Vintage vicar advice: Thrash drunks
A catalogue of bizarre, novel and sometimes downright offensive tips from vicars for achieving a better life has been uncovered by the British Newspaper Archive.
The catalogue of quirky tips includes advice to "thrash drunks" - be they man, woman or child - and to lie about your new wife's cooking skills.
Keeping your mother's "ripping tarts" a secret and "don't be a mug", are more of the gems of wisdom offered by Britain's original agony uncles.
Researchers at the British Newspaper Archive discovered the tips and hints once given by the nation's vicars.

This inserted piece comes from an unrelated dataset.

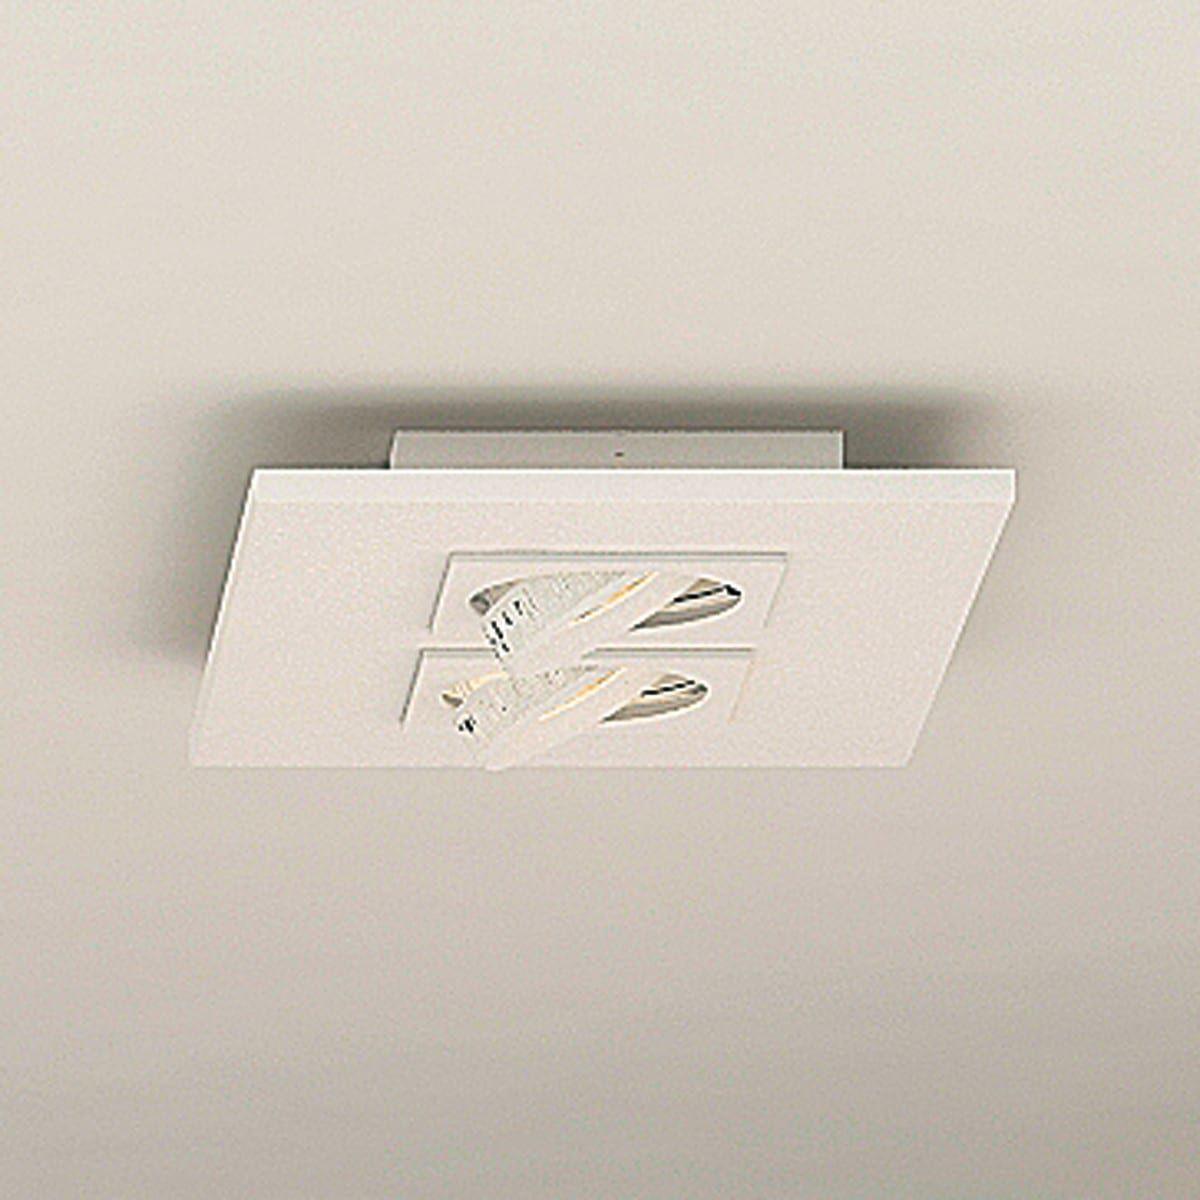 Milan Marc Deckenstrahler 42 X 27 Cm Weiss Mit Bildern Strahler Strahler Mit Bewegungsmelder Deckenstrahler

According to the Rev AJ Waldorn of Brixton, the key to marital bliss in 1913 was pastry-based diplomacy.
In the Western Gazette he advised: "Whatever you do, don't spoil your wedding day by telling your wife what ripping tarts your mother makes".

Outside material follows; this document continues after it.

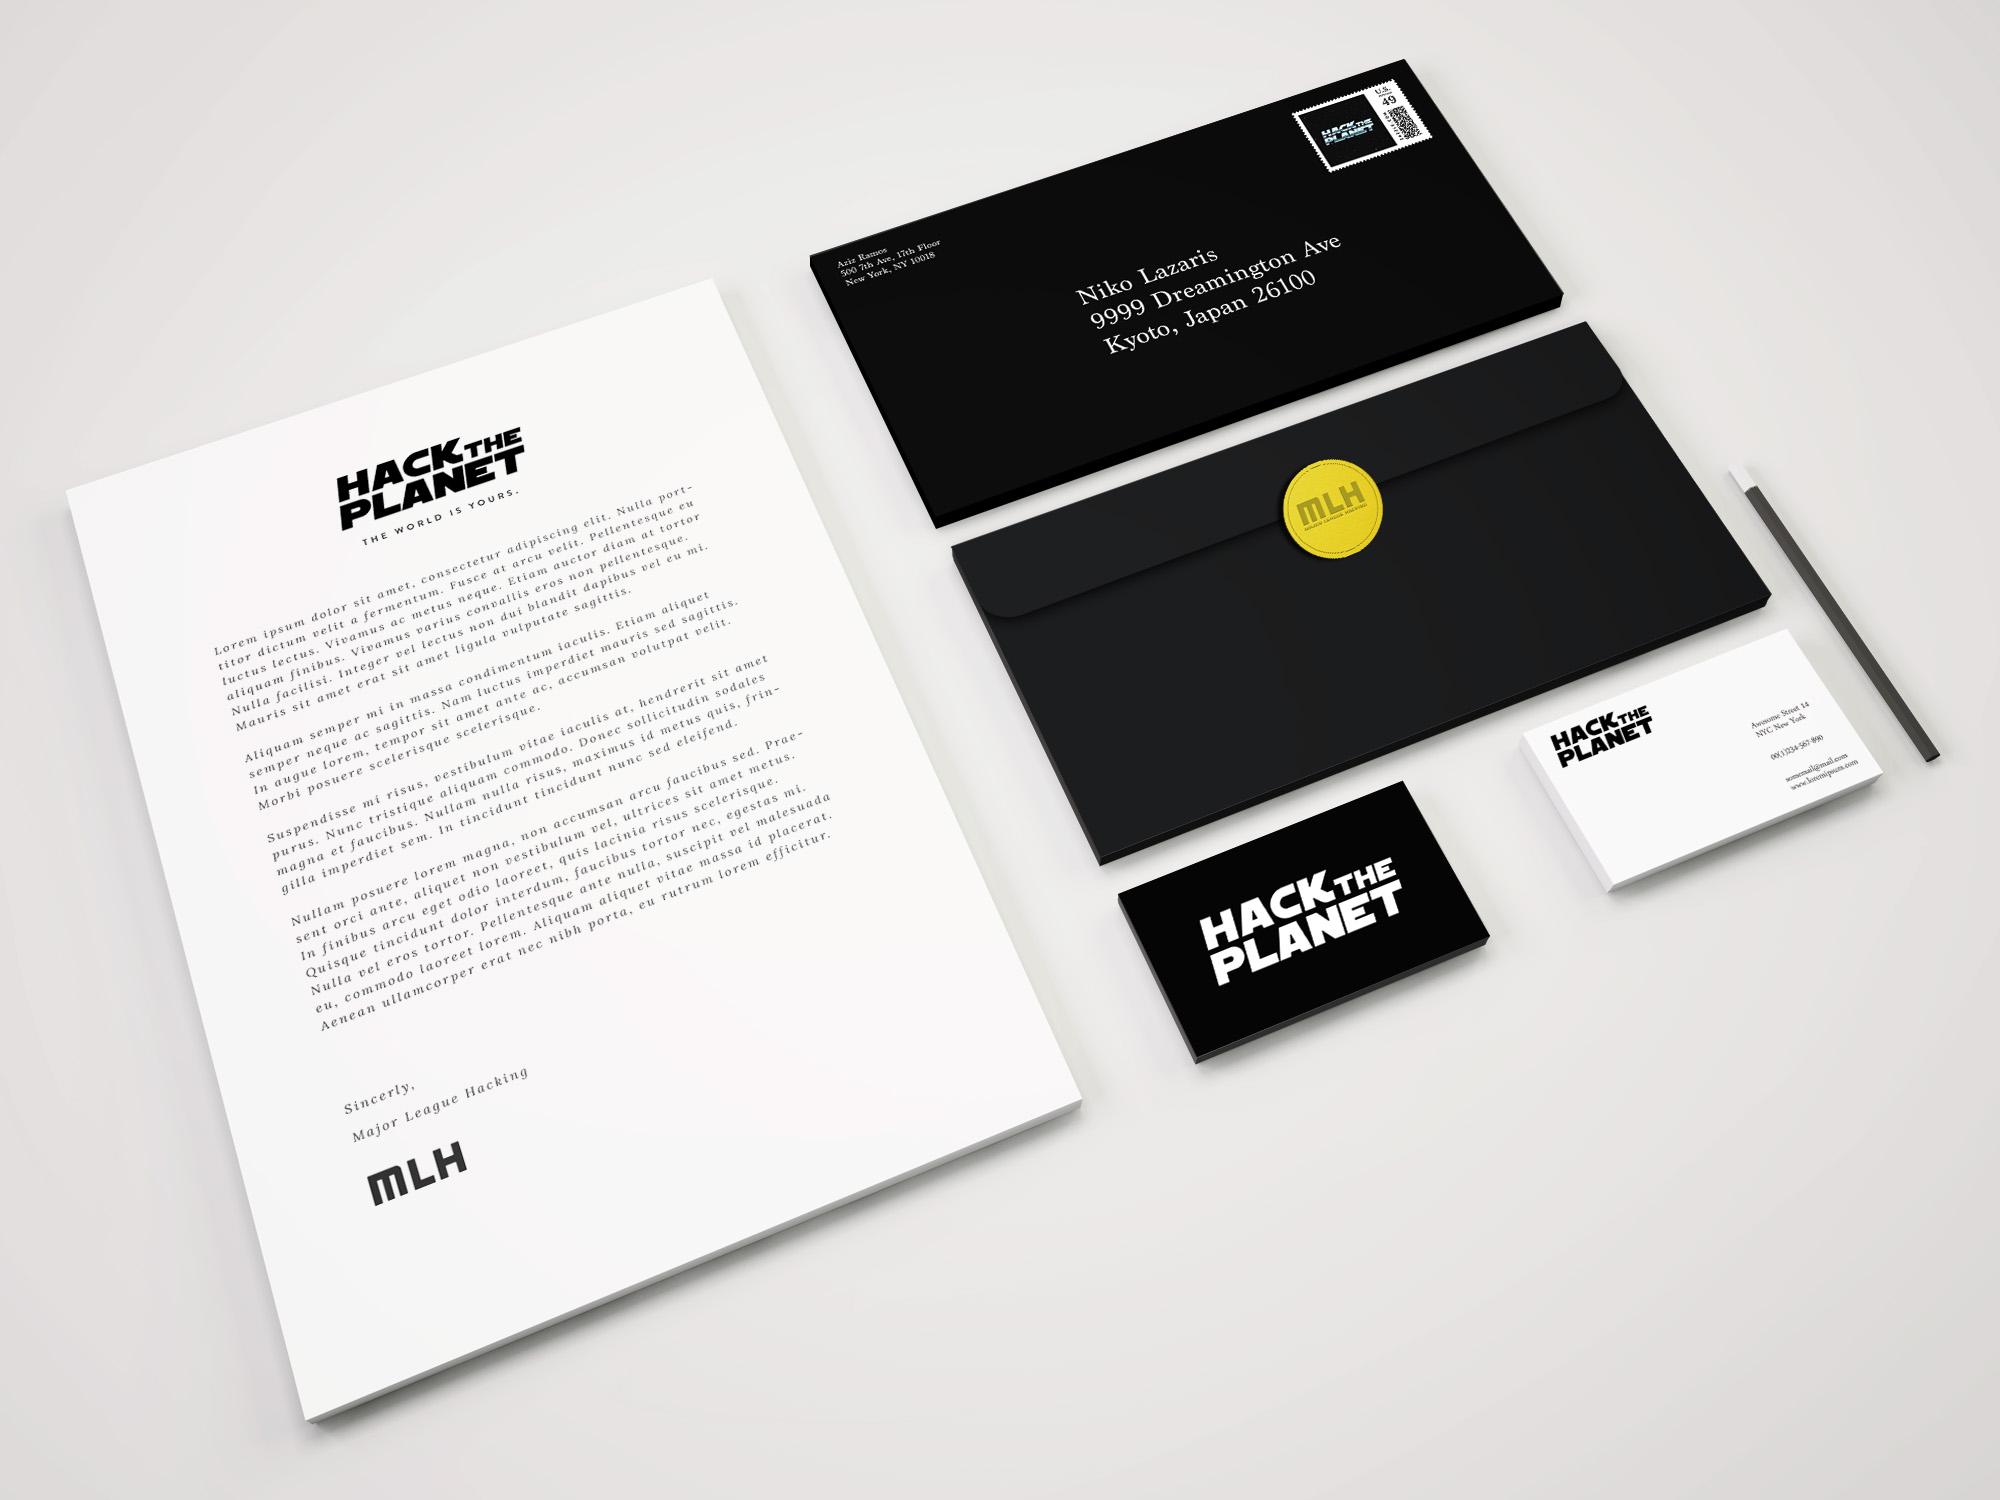 htp envelope package

If a bride's puddings are not up to scratch, he says, simply "swallow the bride's pie, and tell her it's a dream of delight, and then take a pill on the sly".

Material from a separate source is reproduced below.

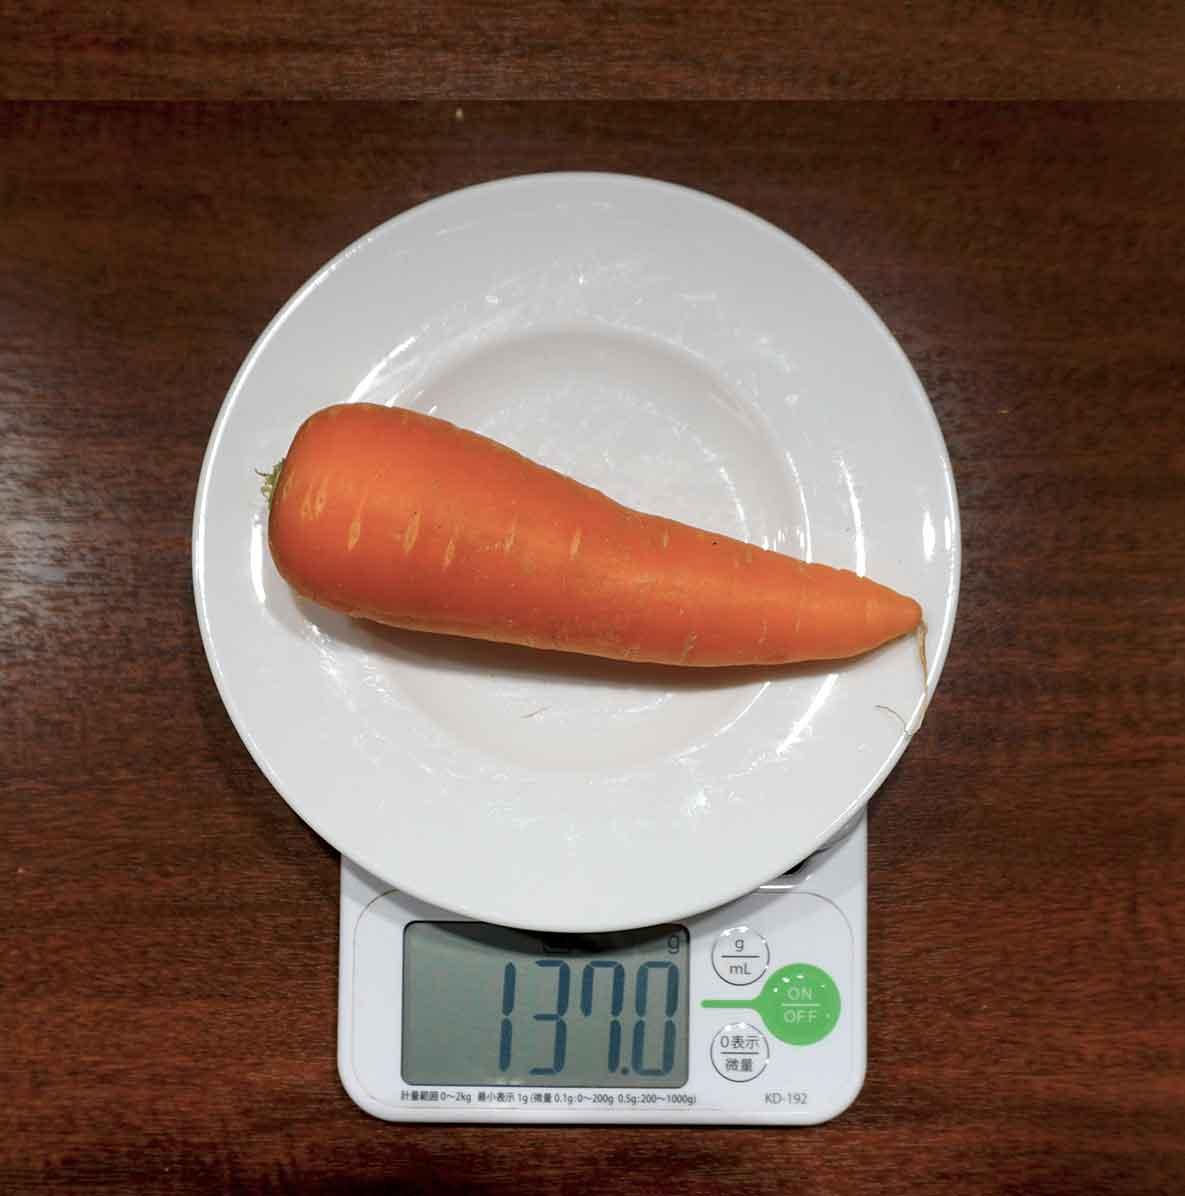 「1日にどれくらいの野菜を食べたらいいの?」知っている方が栄養【食物繊維その2】【適材適食】小園亜由美(管理栄養士・野菜ソムリエ上級プロ)糖尿病専門・甲状腺専門クリニック勤務@福岡姪浜・福岡天神

The Rev WG Roberts, of Horsley St Clements, was another advocate of diplomacy for maintaining domestic harmony.
His advice from 1939 was to "never tell your wife you are going to be the 'boss'", as he points out that "it is a tactless remark, and is fundamentally untrue".
He adds that "a woman who tells her husband she is going to be 'boss' is sillier still, as it brings the whole thing to a level of brute force".